Abstract
Intro: Decompensated heart failure is a common acute presentation to hospital amongst the frail older population where treatment often involves intravenous furosemide. Whilst this is effective in inducing a diuresis, it can be associated with negative effects of hospital stay such as hospital-associated infections and deconditioning. Continuous subcutaneous infusion (CSCI) of furosemide is well-established as a palliative treatment for end-stage heart failure and there is growing evidence that CSCI Furosemide is as safe and effective as intravenous in the management of acute episodes of decompensation, whilst preventing hospital admission. This study retrospectively assesses the use and effectiveness of CSCI Furosemide for patients under York Virtual Frailty Ward.
Methods: 10 episodes of care using CSCI of furosemide were identified between November 2023 and May 2025. Included care episodes were those where patients received CSCI Furosemide, had a diagnosis of end stage heart failure and were housebound (CFS ≥6). All individuals received either 160mg or 230mg of CSCI Furosemide over a minimum treatment course of 48 hours. Patient records were reviewed to assess weight change and symptom burden pre- and post-CSCI Furosemide. Bed days saved by preventing hospital admission were calculated.
Results: The average weight loss through treatment was 0.83kg/24 hours. All patients reported an improvement in symptom burden (oedema/mobility/breathing/fatigue). Two patients experienced a mild localised skin reaction, but treatment was able to continue safely with modifications. 40 bed days were found to have prevented through this community treatment.
Conclusions: This study demonstrates that CSCI is an effective treatment for management of decompensated heart failure of frail older individuals in the community. Although mild adverse effects may occur, they were short lived and did not prevent the treatment continuing. CSCI Furosemide offers benefits beyond its intended use including reducing risk of hospital-acquired harm and prevention of hospital bed days in an already strained system.
Comments
Heart failure management in the community
How do you closely monitor fluid and electrolyte imbalance while on continuous frusemide at home or in the community and at what point do you stop the infusion to start oral diuretics? Thankyou
Hello, thank you very much…
Hello, thank you very much for your interest.
We conduct daily home visits for patients receiving CSCI Furosemide, during which we record daily weights and observations to help assess their fluid status. We also perform daily U+Es, which are sent to the hospital laboratory, results are typically available within 3–5 hours, allowing us to review them on the same day in most cases.
Response to treatment is evaluated through clinical assessment (symptomatic improvement, visible reduction in peripheral oedema) and by monitoring weight loss.
I hope this provides some clarity, please do let me know if there’s anything further I can explain or expand on.
Interesting project. Did you…
Interesting project. Did you check baseline renal function in these patients and monitor renal function during therapy?
I can see patients were weighed to help assess fluid balance, were patients expected to record fluid intake and output too?

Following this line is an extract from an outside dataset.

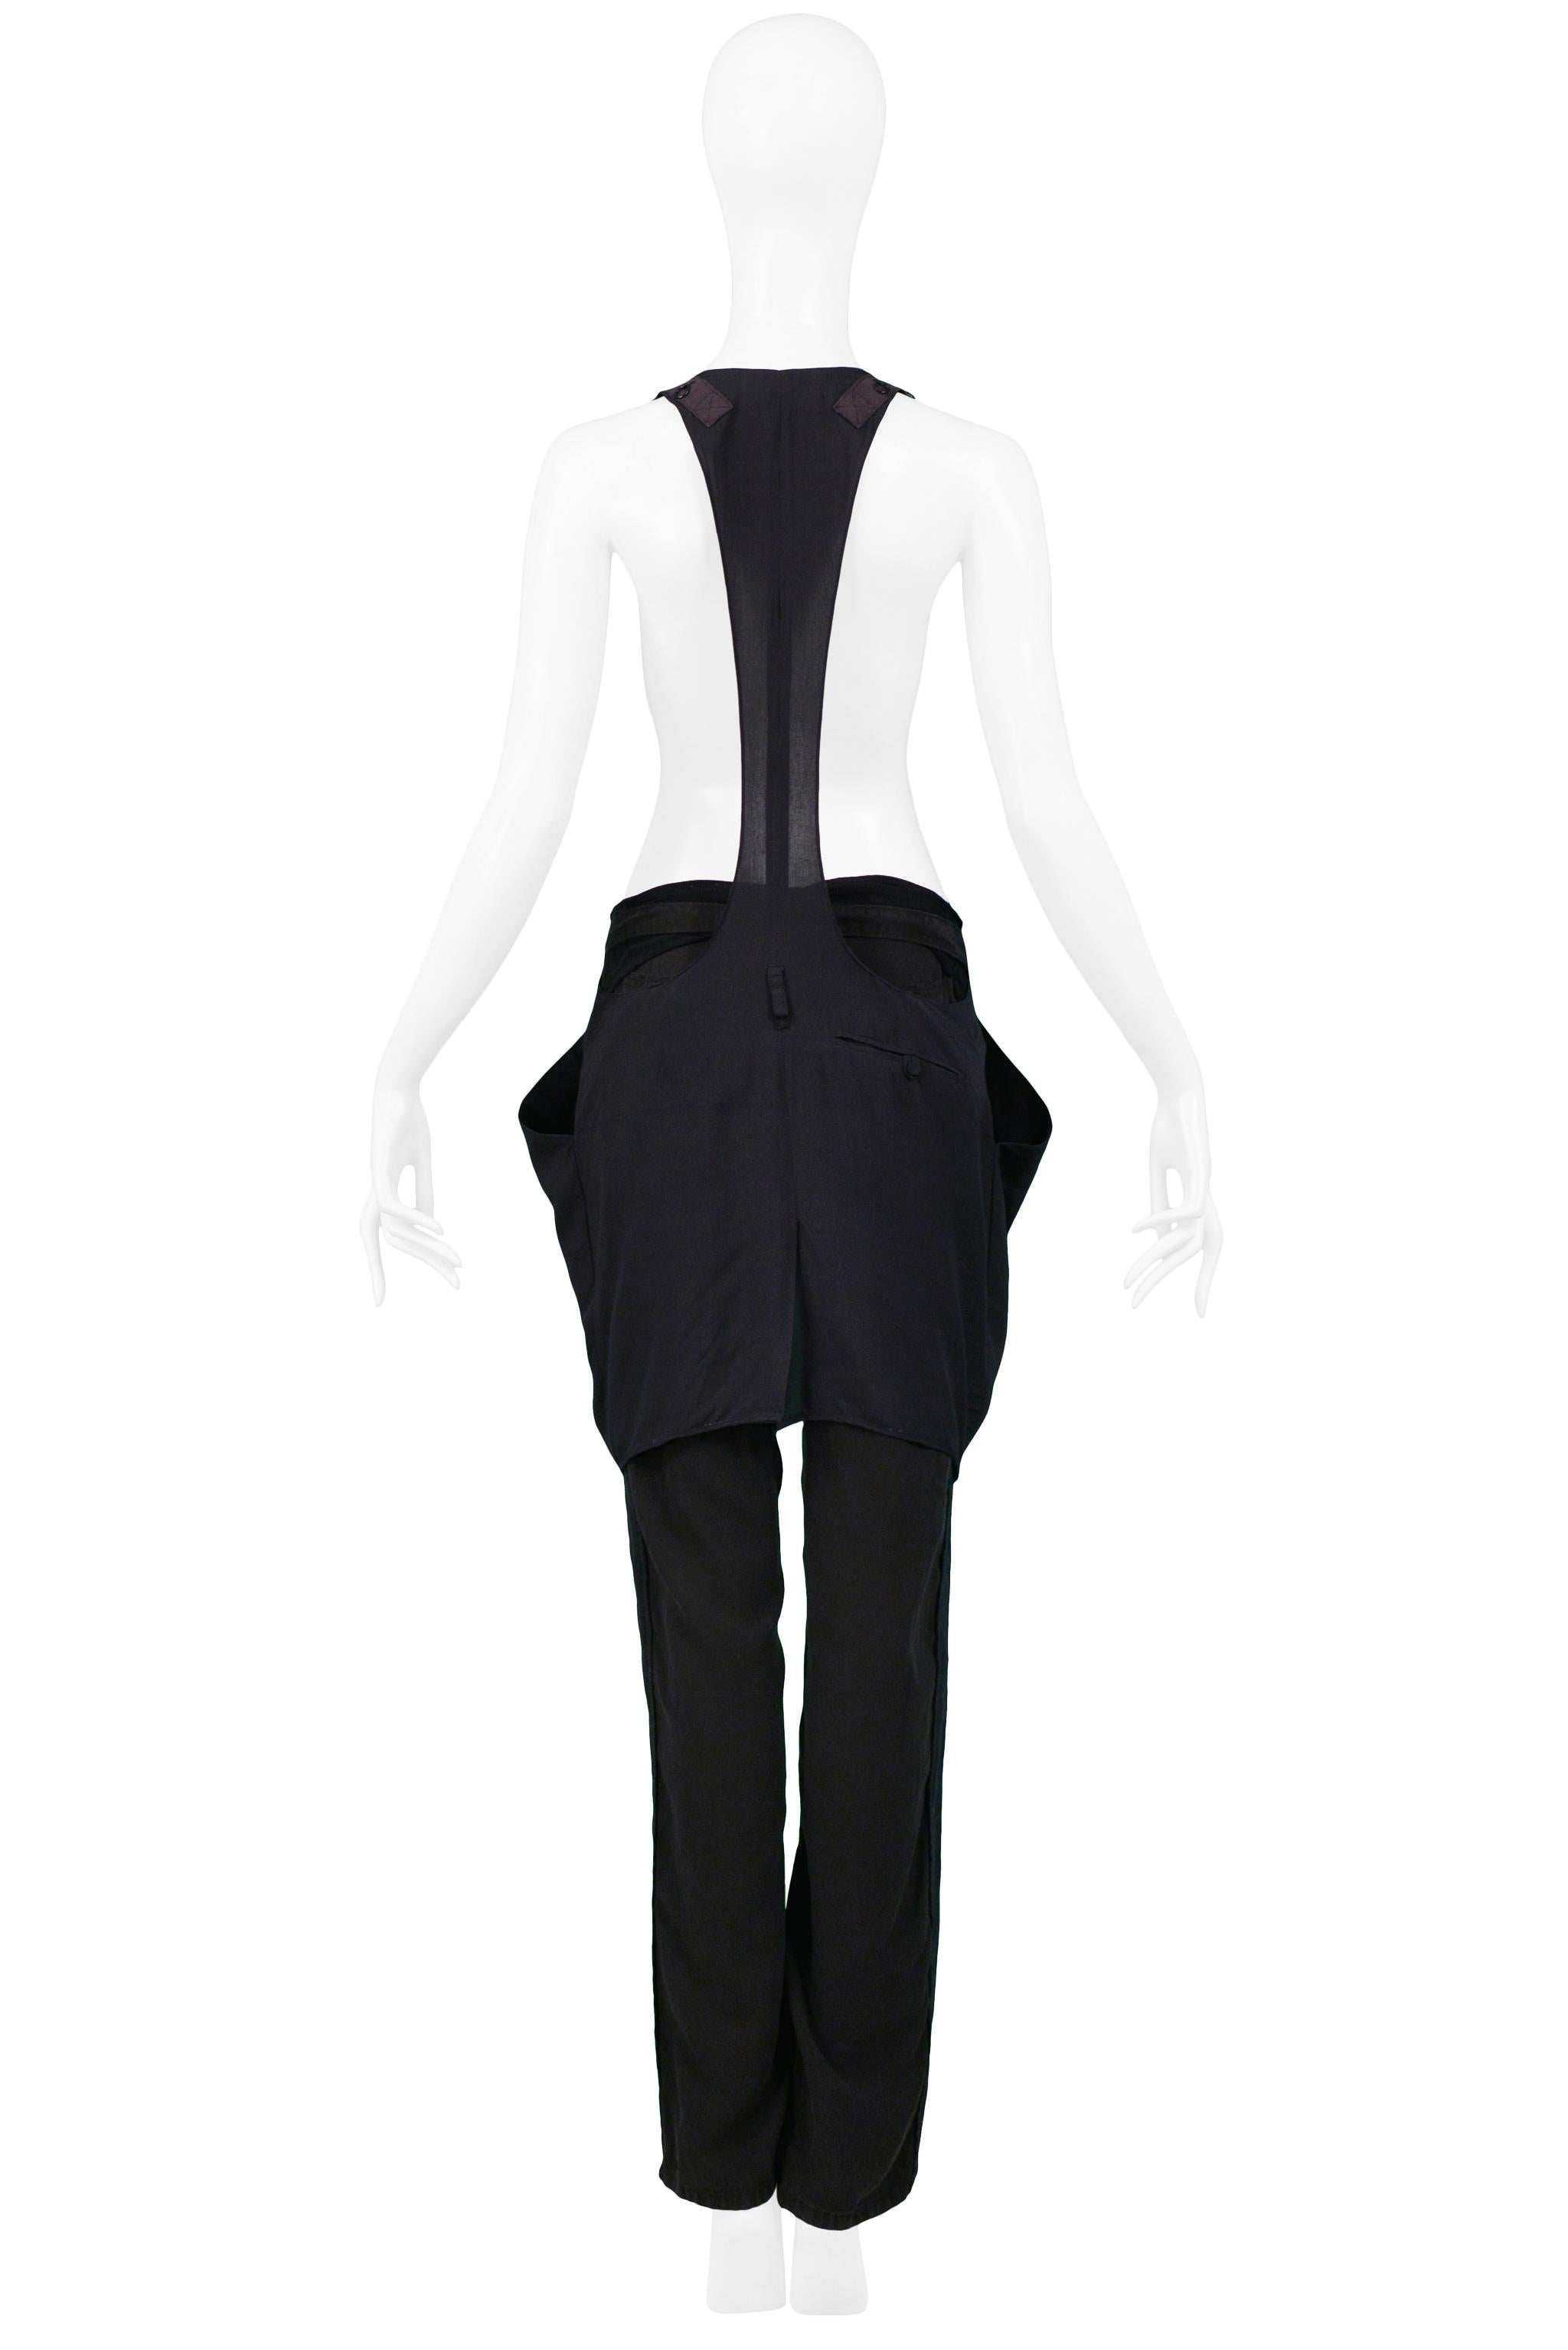 Rare & Iconic Balenciaga by Nicolas Ghesquiere Corset Vest Top 2002 For Sale 2

Is there a specific limit on patient numbers who could receive this intervention? and if so is this limited by staff numbers or by infusion device numbers?
Thank you for taking the…
Thank you for taking the time to review our poster.

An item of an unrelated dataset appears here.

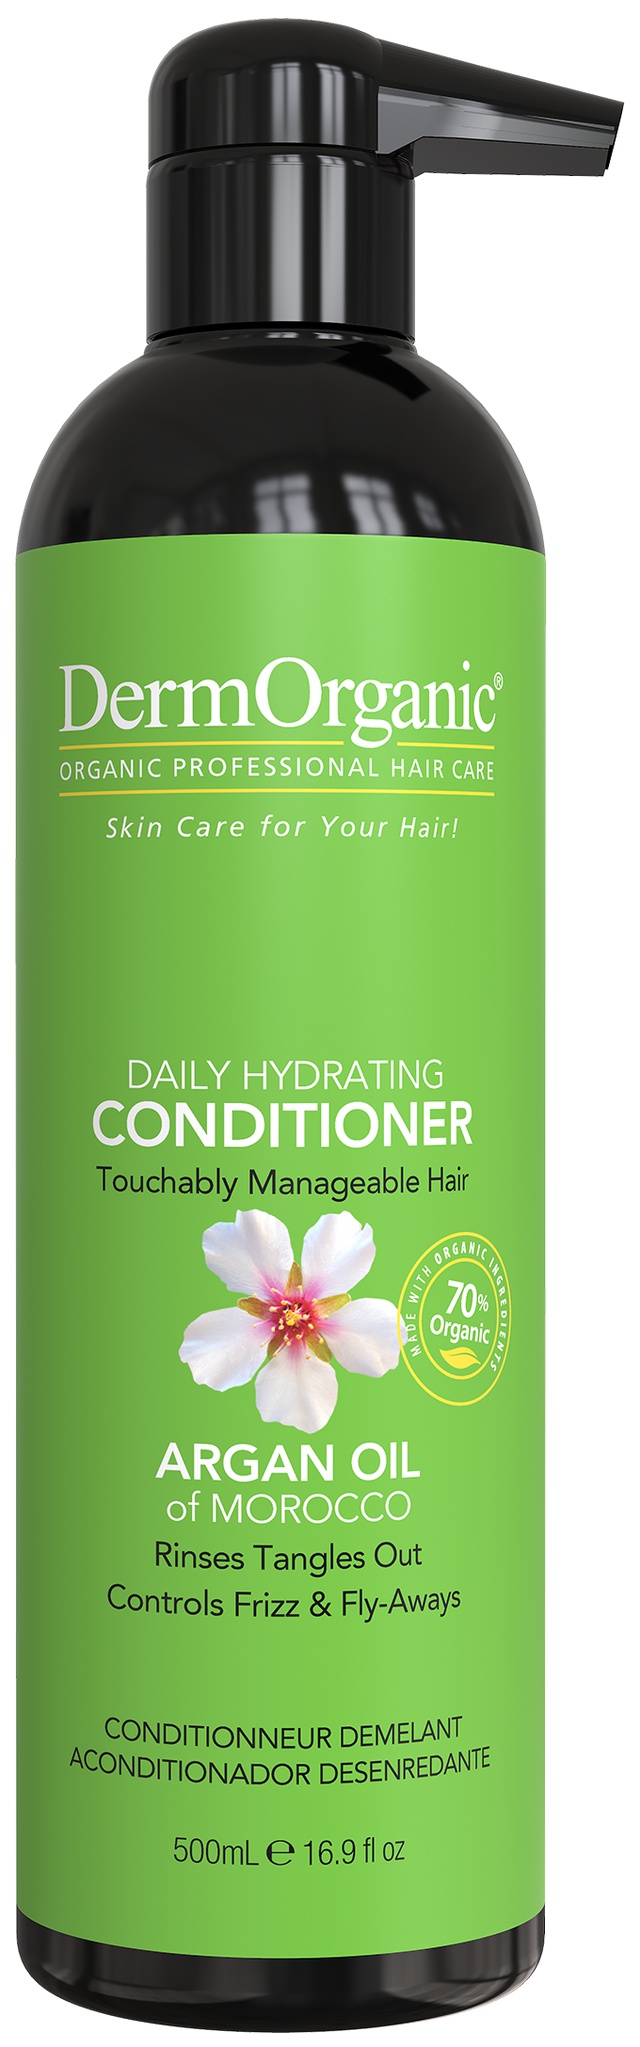 DermOrganic Daily Hydrating Conditioner

We conduct daily home visits for patients receiving CSCI Furosemide, during which we take daily U+Es to monitor baseline and ongoing renal function throughout treatment.

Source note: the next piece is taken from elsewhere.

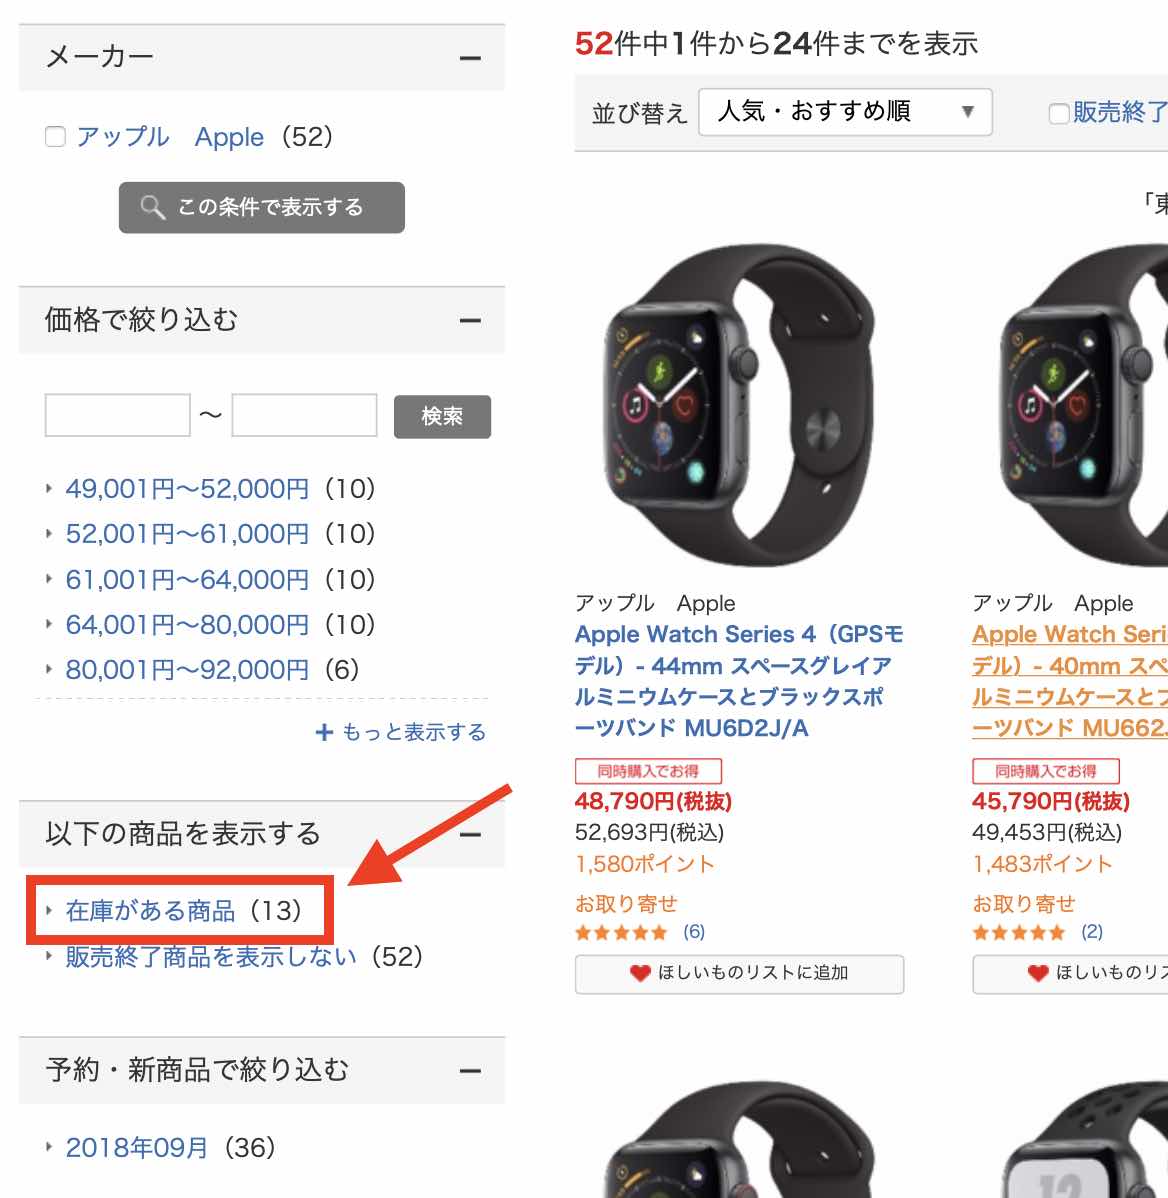 Apple Watch Series 4 stock - 3

We did not strictly monitor fluid input and output, instead, we assessed treatment response primarily through weight loss, symptomatic improvement, and visible reduction in peripheral oedema.
There is currently no set limit on the number of patients we can treat at one time. So far, this has not been an issue, as we have typically had only one or two patients on our caseload requiring CSCI Furosemide concurrently. We do not anticipate being limited by device availability, as we can liaise with our district nursing colleagues to use their existing syringe drivers, which is one of the advantages of this method compared to IV infusion pumps, as syringe drivers are already widely used and easily accessible in the community.
The main limiting factor would likely be staffing capacity, as the treatment requires daily nursing visits to replace the syringe driver and daily visits from our team for ongoing monitoring.